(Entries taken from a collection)
>>>
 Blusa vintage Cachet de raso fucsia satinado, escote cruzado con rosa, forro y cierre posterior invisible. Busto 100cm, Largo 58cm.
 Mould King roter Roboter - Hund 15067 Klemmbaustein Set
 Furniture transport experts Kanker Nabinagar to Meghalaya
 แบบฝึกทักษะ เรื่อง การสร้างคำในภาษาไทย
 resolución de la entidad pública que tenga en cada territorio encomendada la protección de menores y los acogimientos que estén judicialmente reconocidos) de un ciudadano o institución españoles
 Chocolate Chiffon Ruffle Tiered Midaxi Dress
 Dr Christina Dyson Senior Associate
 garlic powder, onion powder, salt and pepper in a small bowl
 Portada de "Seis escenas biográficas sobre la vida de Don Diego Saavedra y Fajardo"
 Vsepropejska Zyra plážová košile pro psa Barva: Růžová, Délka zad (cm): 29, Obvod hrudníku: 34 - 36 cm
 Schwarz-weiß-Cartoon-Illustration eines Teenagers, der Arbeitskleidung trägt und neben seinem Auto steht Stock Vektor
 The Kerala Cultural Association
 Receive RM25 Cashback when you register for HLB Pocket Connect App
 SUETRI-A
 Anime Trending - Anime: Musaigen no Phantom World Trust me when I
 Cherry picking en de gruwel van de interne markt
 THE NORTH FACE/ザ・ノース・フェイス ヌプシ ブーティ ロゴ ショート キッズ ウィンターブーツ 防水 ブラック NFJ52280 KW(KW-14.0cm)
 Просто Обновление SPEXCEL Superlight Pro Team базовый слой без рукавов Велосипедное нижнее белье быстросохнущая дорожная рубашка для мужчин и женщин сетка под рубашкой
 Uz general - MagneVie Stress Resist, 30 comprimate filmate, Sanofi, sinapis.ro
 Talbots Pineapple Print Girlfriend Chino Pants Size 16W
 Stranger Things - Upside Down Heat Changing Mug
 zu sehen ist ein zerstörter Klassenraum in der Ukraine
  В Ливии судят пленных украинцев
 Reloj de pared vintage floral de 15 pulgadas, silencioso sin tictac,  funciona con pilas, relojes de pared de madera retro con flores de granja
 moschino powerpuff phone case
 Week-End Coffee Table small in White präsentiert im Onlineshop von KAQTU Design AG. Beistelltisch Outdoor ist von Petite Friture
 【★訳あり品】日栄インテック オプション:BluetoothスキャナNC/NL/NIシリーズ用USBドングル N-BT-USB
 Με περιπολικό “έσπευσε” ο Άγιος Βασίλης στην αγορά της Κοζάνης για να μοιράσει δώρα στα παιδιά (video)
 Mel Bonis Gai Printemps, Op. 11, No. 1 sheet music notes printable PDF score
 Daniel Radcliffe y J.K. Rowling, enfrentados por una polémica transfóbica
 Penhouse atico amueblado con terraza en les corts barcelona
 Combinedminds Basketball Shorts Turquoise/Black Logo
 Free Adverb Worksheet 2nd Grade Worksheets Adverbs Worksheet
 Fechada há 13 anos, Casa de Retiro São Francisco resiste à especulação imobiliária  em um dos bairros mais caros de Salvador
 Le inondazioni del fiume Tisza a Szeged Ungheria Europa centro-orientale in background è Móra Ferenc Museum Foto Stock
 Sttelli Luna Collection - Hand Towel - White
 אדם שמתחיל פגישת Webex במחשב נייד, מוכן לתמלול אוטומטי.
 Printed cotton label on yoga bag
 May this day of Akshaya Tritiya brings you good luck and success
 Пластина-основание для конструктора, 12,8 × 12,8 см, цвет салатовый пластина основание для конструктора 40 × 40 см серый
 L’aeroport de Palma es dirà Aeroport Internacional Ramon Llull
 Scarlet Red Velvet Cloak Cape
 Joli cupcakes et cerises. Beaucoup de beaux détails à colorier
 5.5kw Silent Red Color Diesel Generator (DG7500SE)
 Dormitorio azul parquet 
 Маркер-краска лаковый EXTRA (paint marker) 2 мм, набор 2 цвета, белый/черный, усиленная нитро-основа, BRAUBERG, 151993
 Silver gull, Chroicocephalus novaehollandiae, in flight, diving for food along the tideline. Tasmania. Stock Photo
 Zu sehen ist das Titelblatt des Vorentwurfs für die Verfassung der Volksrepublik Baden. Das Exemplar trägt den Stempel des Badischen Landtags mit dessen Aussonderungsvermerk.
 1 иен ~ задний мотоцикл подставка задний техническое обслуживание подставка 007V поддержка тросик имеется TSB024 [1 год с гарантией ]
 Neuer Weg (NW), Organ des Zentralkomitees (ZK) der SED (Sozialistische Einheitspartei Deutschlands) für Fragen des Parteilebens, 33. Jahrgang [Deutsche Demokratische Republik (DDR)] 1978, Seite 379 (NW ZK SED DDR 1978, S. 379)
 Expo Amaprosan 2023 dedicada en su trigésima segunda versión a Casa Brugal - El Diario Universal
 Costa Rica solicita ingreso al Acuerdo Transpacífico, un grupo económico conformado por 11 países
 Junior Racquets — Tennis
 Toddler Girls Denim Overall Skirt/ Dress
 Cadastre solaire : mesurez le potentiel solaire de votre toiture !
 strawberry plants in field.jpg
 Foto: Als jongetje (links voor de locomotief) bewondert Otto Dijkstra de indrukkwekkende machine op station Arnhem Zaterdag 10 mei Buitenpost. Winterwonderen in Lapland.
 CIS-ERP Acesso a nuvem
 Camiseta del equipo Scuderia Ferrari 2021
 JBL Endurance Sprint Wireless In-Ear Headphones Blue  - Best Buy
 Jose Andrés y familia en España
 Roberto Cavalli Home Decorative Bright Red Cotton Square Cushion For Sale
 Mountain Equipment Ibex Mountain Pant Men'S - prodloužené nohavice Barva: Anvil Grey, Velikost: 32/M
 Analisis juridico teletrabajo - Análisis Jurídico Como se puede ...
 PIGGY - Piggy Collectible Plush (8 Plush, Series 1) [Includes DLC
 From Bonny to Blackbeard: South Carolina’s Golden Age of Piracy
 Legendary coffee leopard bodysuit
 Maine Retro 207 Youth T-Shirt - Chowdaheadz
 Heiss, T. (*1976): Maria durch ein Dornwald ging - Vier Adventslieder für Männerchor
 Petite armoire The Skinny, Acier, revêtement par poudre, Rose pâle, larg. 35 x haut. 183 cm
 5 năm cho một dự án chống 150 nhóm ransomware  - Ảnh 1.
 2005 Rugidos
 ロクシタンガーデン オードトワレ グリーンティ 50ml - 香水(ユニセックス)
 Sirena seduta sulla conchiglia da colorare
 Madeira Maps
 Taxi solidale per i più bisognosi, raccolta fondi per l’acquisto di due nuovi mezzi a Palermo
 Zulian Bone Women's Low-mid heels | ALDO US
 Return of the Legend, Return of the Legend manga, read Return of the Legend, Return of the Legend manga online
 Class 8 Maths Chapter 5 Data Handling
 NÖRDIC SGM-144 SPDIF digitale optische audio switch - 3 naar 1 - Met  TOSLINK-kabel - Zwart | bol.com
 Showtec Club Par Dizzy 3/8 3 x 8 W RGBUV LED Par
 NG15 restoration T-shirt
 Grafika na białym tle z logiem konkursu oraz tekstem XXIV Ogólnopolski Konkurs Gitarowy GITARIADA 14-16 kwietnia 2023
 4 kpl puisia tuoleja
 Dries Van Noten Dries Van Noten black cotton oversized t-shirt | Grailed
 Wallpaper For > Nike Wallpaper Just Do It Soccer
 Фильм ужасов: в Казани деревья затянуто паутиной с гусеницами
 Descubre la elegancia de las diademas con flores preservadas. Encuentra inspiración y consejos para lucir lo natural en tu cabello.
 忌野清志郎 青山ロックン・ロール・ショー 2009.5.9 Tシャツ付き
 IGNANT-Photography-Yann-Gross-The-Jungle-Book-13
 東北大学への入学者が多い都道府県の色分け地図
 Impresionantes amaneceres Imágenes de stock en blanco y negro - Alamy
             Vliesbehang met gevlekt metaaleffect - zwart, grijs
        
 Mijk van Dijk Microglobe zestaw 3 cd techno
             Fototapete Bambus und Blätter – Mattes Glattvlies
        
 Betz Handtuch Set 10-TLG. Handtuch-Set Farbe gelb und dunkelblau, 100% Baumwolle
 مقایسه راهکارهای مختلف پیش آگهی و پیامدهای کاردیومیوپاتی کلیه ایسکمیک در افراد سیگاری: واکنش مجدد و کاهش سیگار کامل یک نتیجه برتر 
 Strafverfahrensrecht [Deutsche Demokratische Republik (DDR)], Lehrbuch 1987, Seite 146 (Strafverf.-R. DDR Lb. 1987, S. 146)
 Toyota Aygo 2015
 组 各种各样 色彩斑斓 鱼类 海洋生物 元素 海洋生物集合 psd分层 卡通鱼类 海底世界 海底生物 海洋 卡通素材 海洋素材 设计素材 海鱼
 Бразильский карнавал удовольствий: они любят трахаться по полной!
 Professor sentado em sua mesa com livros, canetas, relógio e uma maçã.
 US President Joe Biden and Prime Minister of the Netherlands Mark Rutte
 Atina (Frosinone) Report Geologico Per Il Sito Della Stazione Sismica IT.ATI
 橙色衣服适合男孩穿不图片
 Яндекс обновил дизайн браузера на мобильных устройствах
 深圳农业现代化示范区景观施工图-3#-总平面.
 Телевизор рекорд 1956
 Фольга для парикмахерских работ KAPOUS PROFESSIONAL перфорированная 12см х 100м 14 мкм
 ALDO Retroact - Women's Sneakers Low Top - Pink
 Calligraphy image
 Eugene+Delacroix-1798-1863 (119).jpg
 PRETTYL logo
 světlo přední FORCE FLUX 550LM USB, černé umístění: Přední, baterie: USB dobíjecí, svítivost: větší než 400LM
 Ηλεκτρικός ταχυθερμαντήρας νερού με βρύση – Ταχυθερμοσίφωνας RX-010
<<<
» Task
Among the records above, repeat exactly the line with "Scarlet Red Velvet Cloak Cape", the line with "Zu sehen ist das", and every line in between, and only those.

» Solution below
 Scarlet Red Velvet Cloak Cape
 Joli cupcakes et cerises. Beaucoup de beaux détails à colorier
 5.5kw Silent Red Color Diesel Generator (DG7500SE)
 Dormitorio azul parquet 
 Маркер-краска лаковый EXTRA (paint marker) 2 мм, набор 2 цвета, белый/черный, усиленная нитро-основа, BRAUBERG, 151993
 Silver gull, Chroicocephalus novaehollandiae, in flight, diving for food along the tideline. Tasmania. Stock Photo
 Zu sehen ist das Titelblatt des Vorentwurfs für die Verfassung der Volksrepublik Baden. Das Exemplar trägt den Stempel des Badischen Landtags mit dessen Aussonderungsvermerk.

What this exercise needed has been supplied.